2.  Punk’d in Space:
Sir Richard Branson has declared that his Virgin Galactic spaceships “are built and flying in the final stages of our exhaustive test flight program.” Tickets to outer space will cost about $200,000 US. Ashton Kutcher has already signed on for the Virgin voyage, and will attempt to stash his assets far from Demi Moore.

3.  Take a byte:
Thousands of consumers lined up outside of Apple’s flagship stores in NYC last week to buy the newest iPad. Investment firm UBS conducted a survey to find out why customers hadn’t attempted to order online. A handful of people stated, “What else would we do on a Friday night? We’re nerds.”  

4.  Poetic Demeanor: Congrats to Kris Demeanor on becoming Calgary’s first poet laureate. He hopes to find creative ways to get Calgarians into the enjoyment of language. Engaging Canadian youth might be a challenge, but perhaps he can create rhymes in SMS. “R U well? Luv ur smell. Lol.” Good luck, Kris!

5.  Sign of the times: So jaded are sports fans in Toronto that when a player like Phil Kessel actually reaches peak performance, all we can say is “Quick, trade him!” The rationale, of course, is that it’s got to be downhill from here. I liken this to my wife serving me leftovers from a delicious home-cooked meal, and saying, “Eat fast. It’s just about to rot.”
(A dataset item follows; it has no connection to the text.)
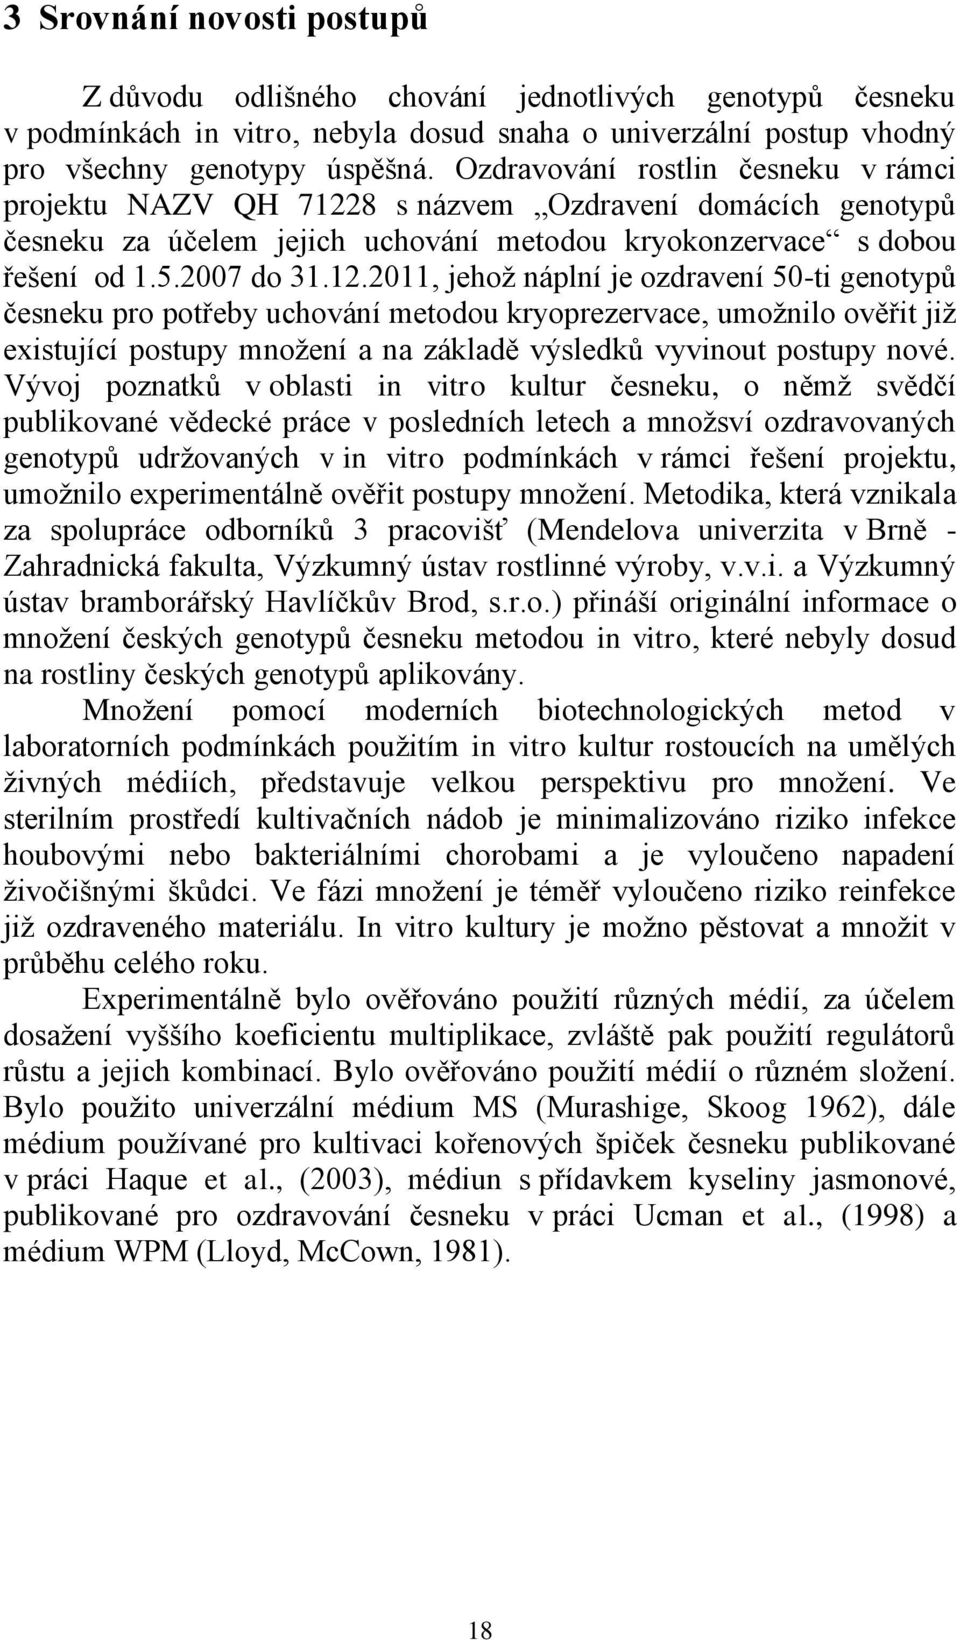 8 s názvem Ozdravení domácích genotypů česneku za účelem jejich uchování metodou kryokonzervace s dobou řešení od 1.5.2007 do 31.12.

6.  Retro in HD: This Sunday marks the long-awaited two-hour premiere of Mad Men’s 5th season. The show is popular among those nostalgic for a time when men had body hair and women had real breasts. Also recommended for anyone feeling guilty about their parenting skills, or how much they drink and smoke.

7.  Ready to Rumba:
Dancing with the Stars premiered this week with an odd crew of has-beens, might-bes and barely-ares. Nevertheless, after watching 15 intermittent minutes, I am prepared to make predictions. A “Pip-less” Gladys Knight will lose early, but thank the lord for the journey. Urkel will do the robot at least once and Martina Navratilova will struggle not to lead. Finalists: Welsh soprano Katherine Jenkins, Latino stud William Levy and Prairie star Melissa Gilbert.

8.  Beach-body: Every spring we discover our “winter fat” and torture ourselves with diets. Now, there is a great new book called Unjunk Your Junk Food, for people (like me) who refuse to forgo the sweets for more than a couple of days. Instead of contradicting Marie Antoinette, Andrea Donsky and friends will simply tell you which cake to choose. A free sneak peek is available for download at naturallysavvy.com. Also, when returning from the supermarket, try taking the stairs.